On the potential for growth of big box retailers like Metro in India

Mediratta: India has been growing at the fastest pace in its economic history. The growth potential has increased manifold. The Government’s decision to allow 100 per cent FDI in food retail is a welcome step. The infrastructure and supply chain is improving and the Internet has demolished the aspiration lag between big and small cities. The Indian retail and wholesale market offers great potential and bright prospects for international and domestic players.

On Metro’s retail ecosystem

Mediratta: Metro Cash & Carry is the country’s first HACCP-certified wholesale retailer. We ensure that all our 23 stores’ in-store activities, as also procedures involving sourcing, supply chain, stocking, and point of sale comply with the highest standards of cleanliness and hygiene. All our suppliers are given systematic training on meeting customer requirements in terms of food quality, safety and traceability.

Fair prices and guaranteed and transparent payments are credited directly into a farmer’s account in less than a day. Metro regularly conducts Trader Support and Partnership programs. We share best practices with small grocers in planogramming, assortment planning, store layout and inventory planning to improve their profitability.

On the next big change that is coming in retail

Mediratta: Whether online or offline, buying and selling cannot afford to remain mono-channel any longer. Only those players can envision a long and rewarding future who are able to fold into the Omnichannel approach.

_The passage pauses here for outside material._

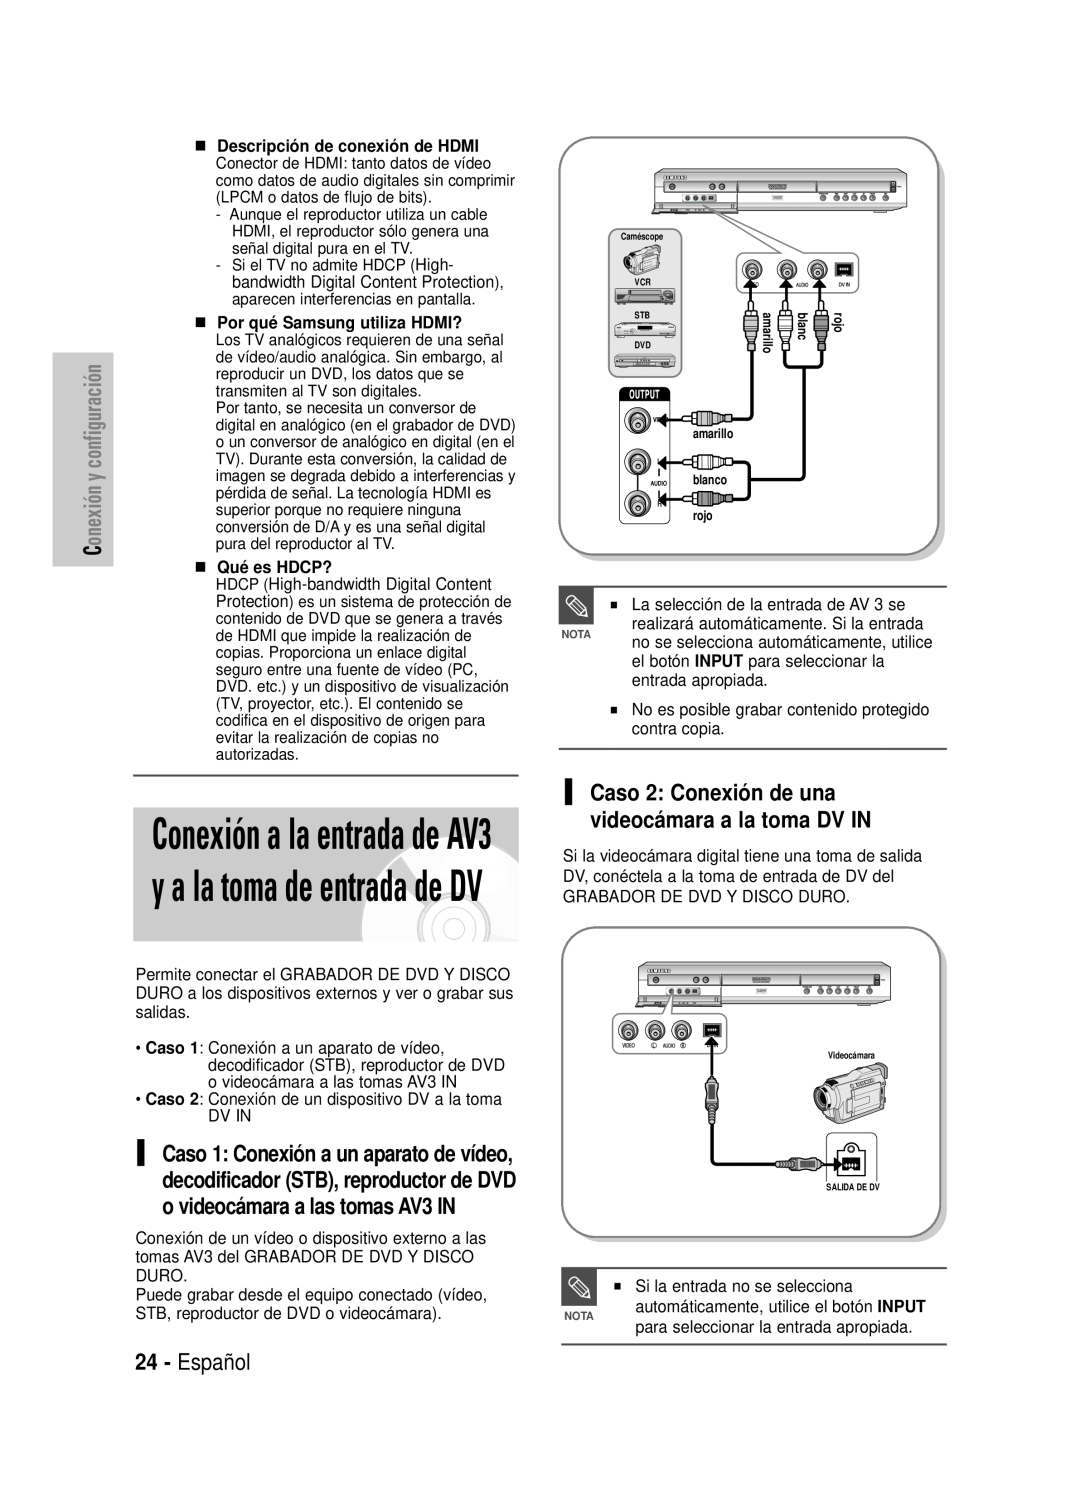 Samsung DVD-HR725/XEG manual Conexión a la entrada de AV3 y a la toma de entrada de DV, Español, Conexión y configuración

I foresee a huge proliferation in the number of categories and sub-categories with customers becoming more and more experimental.
a) Health & Wellness: Organic food, health supplements, fitness equipment, apparel and personal care products
b) Experience: Media, travel, entertainment, home, gaming, sports and luxury categories
c) Staying Connected: Highly integrated smart homes, smart kitchens, telecom, transportation and IT products
d) A Fair World: Socially, environmentally, and ethically fair products such as cage-free eggs and vegan products

On the difference between 0perations in India vis-a-vis the rest of the world

Mediratta: The Indian market is very different from the other countries where Metro operates in. To compete in a fiercely competitive market with a high real estate cost and a Maximum Retail Price regime requires one to be very nimble and cost efficient. We learned our lessons in the Indian market very early and started adapting ourselves to suit the customer needs.